--- DATA UNDER STUDY ---

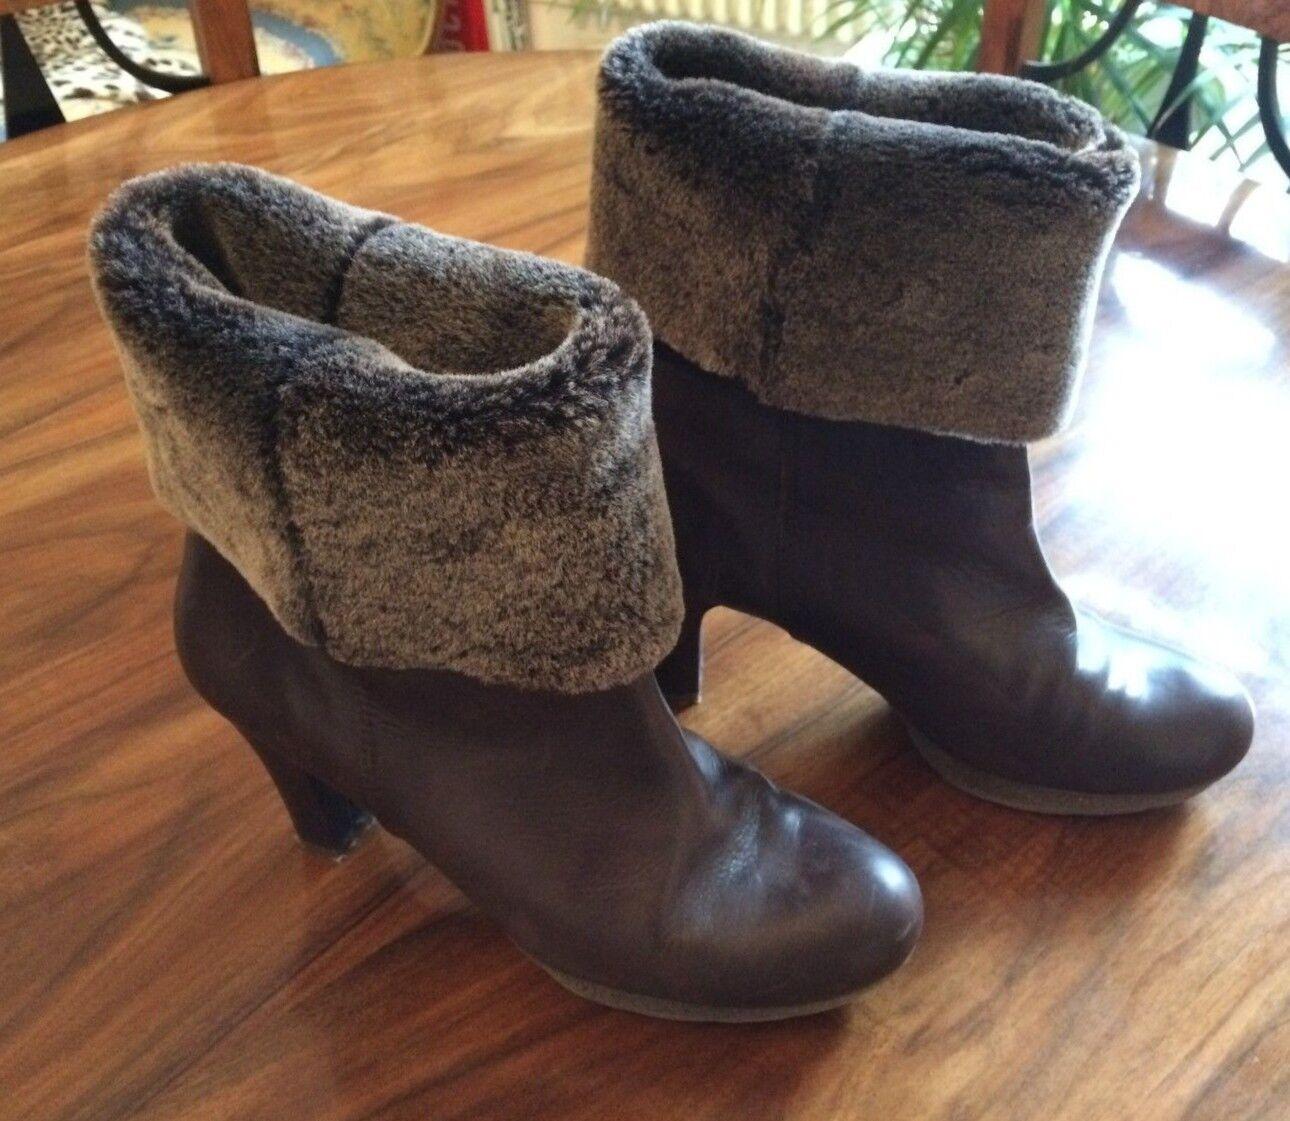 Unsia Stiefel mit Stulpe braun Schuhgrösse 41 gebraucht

---
--- DATA UNDER STUDY ---

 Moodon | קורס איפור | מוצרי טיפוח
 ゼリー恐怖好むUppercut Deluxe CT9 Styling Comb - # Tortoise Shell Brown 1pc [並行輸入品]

---

- YOUR OBJECTIVE -
Please write out, exactly as they appear above, only the lines in the stretch from the line with "Moodon | קורס איפור | מוצרי טיפוח" through the line with "ゼリー恐怖好むUppercut Deluxe CT9".

- TASK RESULT -
 Moodon | קורס איפור | מוצרי טיפוח
 ゼリー恐怖好むUppercut Deluxe CT9 Styling Comb - # Tortoise Shell Brown 1pc [並行輸入品]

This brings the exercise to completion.